The Withdrawal Agreement actually gives overall control of British farming to the EU and exposes the UK to the risk of a serious loss of agricultural capacity by making it impossible for British farmers to compete with those in the EU. A level playing field it is not. And it only tilts one way.
This subjection to Brussels is set out in each part of the Withdrawal Agreement.
- During the ‘transition period’ up to 31 December 2020, EU law applies in full to the UK, but we lose our representation in all EU decision-making bodies. All existing and new environmental laws and Common Agricultural Policy subsidy formulas will apply, although the UK will have no say in the making of these rules. We will continue to fund the EU budget and the CAP with no right to implement our own agricultural policy.

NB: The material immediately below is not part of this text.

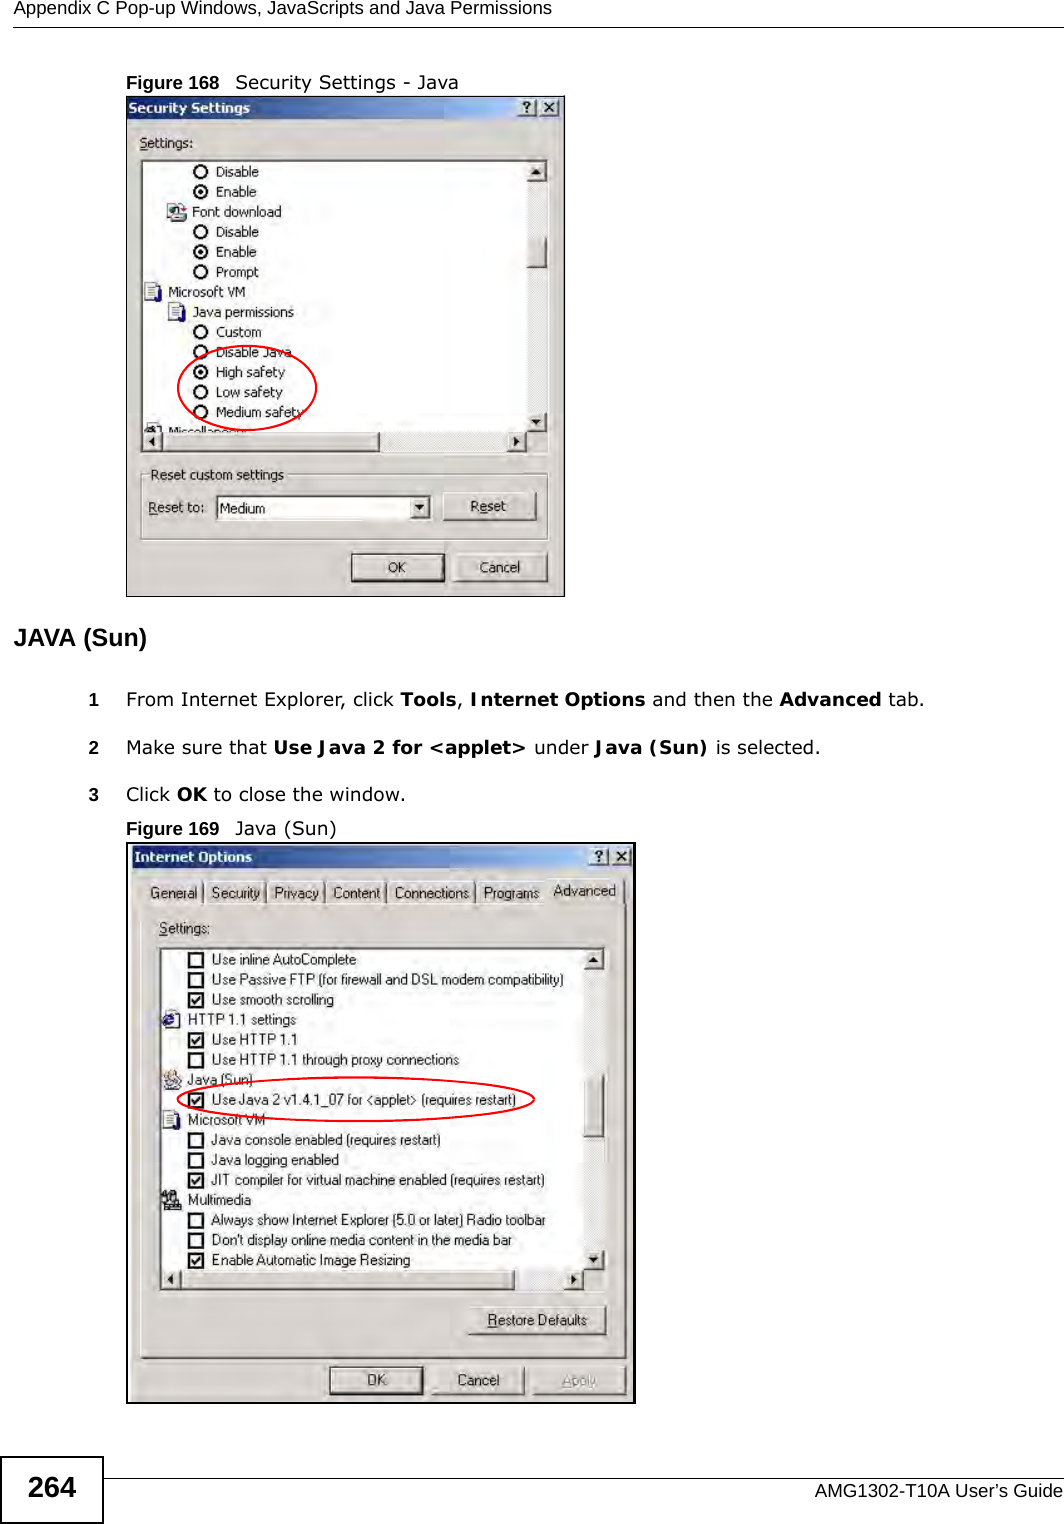 Appendix C Pop-up Windows, JavaScripts and Java PermissionsAMG1302-T10A User’s Guide264Figure 168   Security Settings - Java JAVA (Sun)1From Internet Explorer, click Tools, Internet Options and then the Advanced tab. 2Make sure that Use Java 2 for &lt;applet&gt; under Java (Sun) is selected.3Click OK to close the window.Figure 169   Java (Sun)

- Control of British farming by the EU doesn’t stop there. Article 132(c) provides that during any extended transition period from 1 January 2021, although the CAP will not apply to the UK (because the EU will have entered its next budget cycle), we will not be able to decide ourselves on the level of support we wish to provide to our farmers. National support for “the production of and trade in agricultural products in the United Kingdom” will be restricted “up to an annual level of support which shall not be more than the total amount of expenditure incurred in the United Kingdom under the Common Agricultural Policy in 2019… In case the period by which the transition period is extended is not a multiple of twelve months, the maximum annual level of exempted support shall be reduced pro rata in the year in which the extended transition period does not count twelve months.” (The phrasing alone indicates that this was drafted by Brussels.)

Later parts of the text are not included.